Thanks for the in-depth dive into this issue. I'll chime in to provide
additional context to the Readium Web Publication Manifest case that you've
mentioned.

- Readium 2’s manifest requires both a ‘self’ link to identify the
> publication’s canonical URL (see below) as well as an identifier property
> (which, IIRC functions as a JSON-LD @id/linked data IRI[5] and [6])
>

Actually, the only requirement is a "self" link, the additional identifier
is recommended but optional.

Typically for a book this would be:
- the URL of the manifest for the canonical/self link
- an ISBN expressed as a URN for the secondary identifier

This secondary identifier does work as a JSON-LD @id if present.

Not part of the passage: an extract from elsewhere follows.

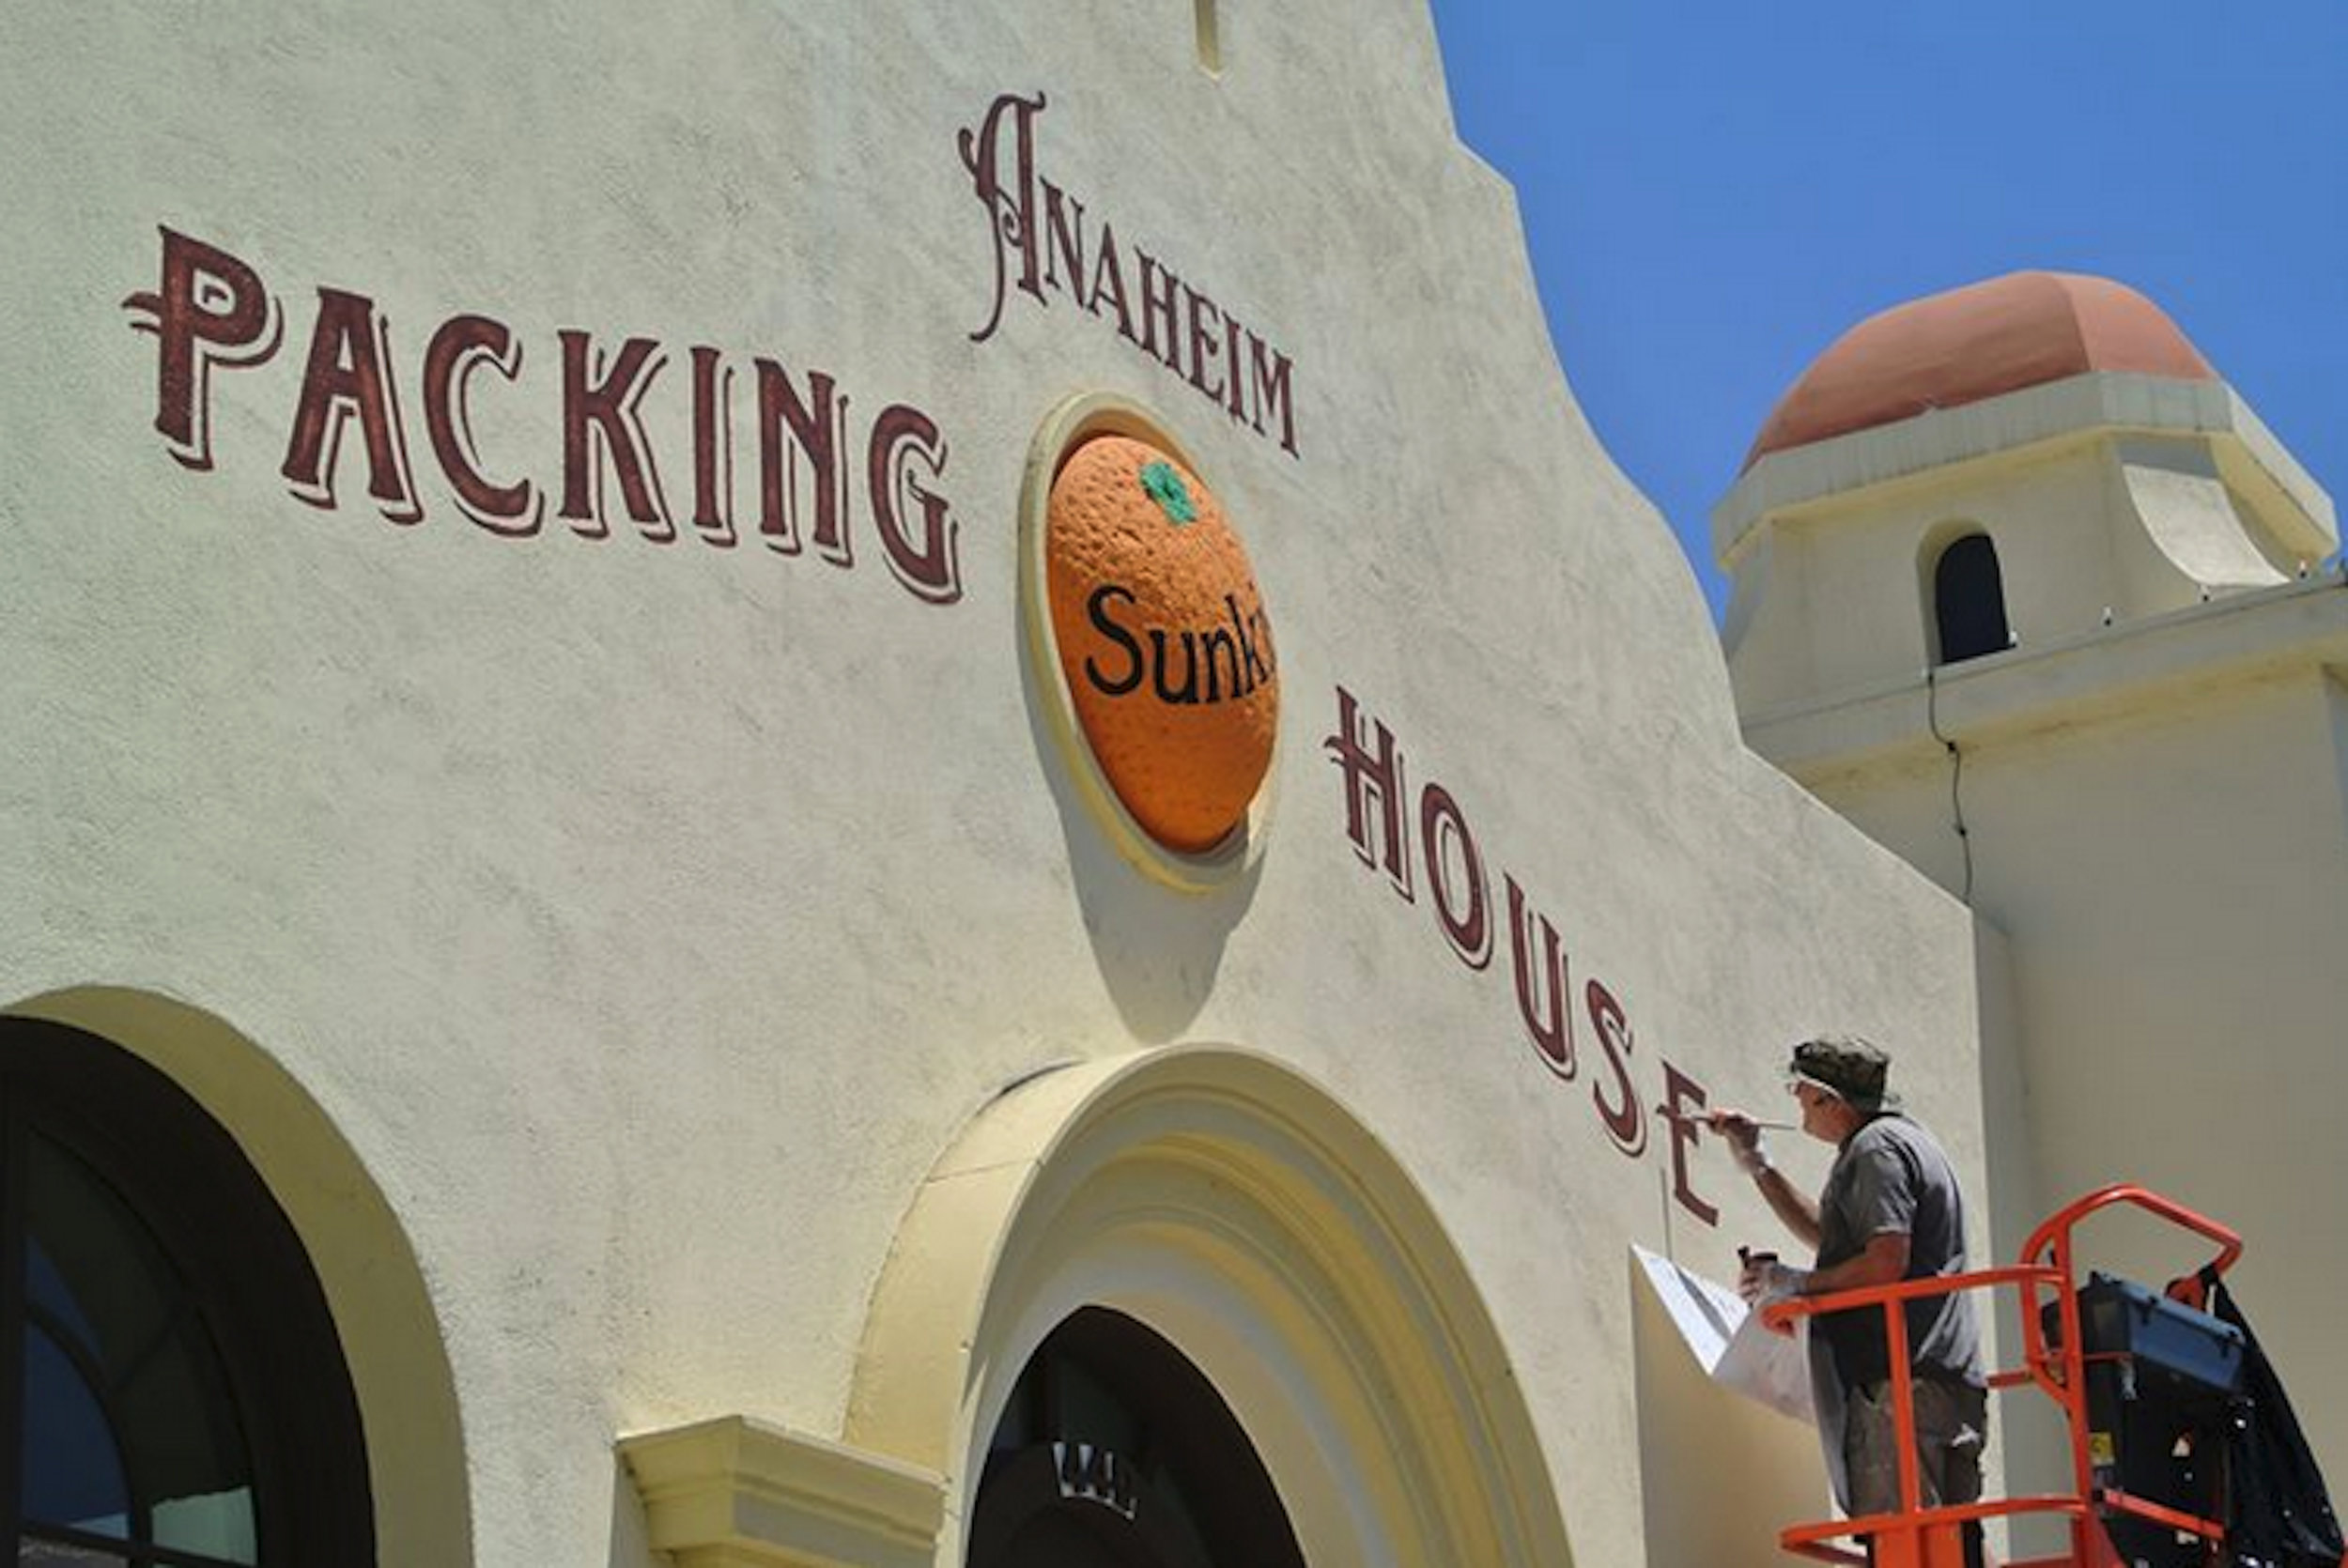 Anaheim Packing House hand lettered main sign - sign painter at work

As you've pointed out, requiring two identifiers like in Atom can be
confusing, which is the main reason why we only have one requirement.

There are a few points that I'd like to make about that:
- a publication that is primarily created for the Web is not very likely to
have such a secondary identifier
- but the opposite is true: none of the EPUB distributed today have a
canonical URL but they all have such a secondary identifier
- for that reason, we do need both and might end up with different
requirements for WP vs PWP

In the context of Readium-2 this means:
- that when we ingest a packaged publication (EPUB, CBZ), we include the
secondary identifier in the manifest if we can identify one
- but we completely ignore the secondary identifier when we build a UA to
display and interact with a Web Publication (the canonical/self URL to the
manifest is far more important)

To summarise:
>
> * A URL as both a locator and identifier is a given—if it’s on the web,
> that’s how it’s going to work—but we can’t change how a URL functions or
> behaves.
> * Using a URL that doesn’t identify the publication (e.g. an external HTML
> page) to help people indirectly locate a publication should be a feature
> that we provide by specifying some form of discovery mechanism (some form
> of link—HTTP header or link tag—with a format-specific rel value is the
> usual way of doing this).
> * A secondary globally unique identifier that is separate from the
> identifying and locating URL is useful for a variety of reasons but
> requiring one has as many downsides as it has upsides—the biggest downside
> being that most developers won’t provide one even if that makes the web
> publication invalid. I’m sure we will debate this but given that the
> functional advantages are largely in the area of distribution and
> portability I don’t see why this should be a requirement for non-portable
> web publications.
> * We absolutely should not venture into the territory of extending
> existing protocols, minting new identifying schemes, or specifying a
> locator mechanism that mandates the implementation and maintenance of what
> are likely to be non-trivial server systems.
>

Fully agree, this is completely consistent with what we've decided for
Readium-2.

Hadrien

Received on Wednesday, 2 August 2017 21:35:47 UTC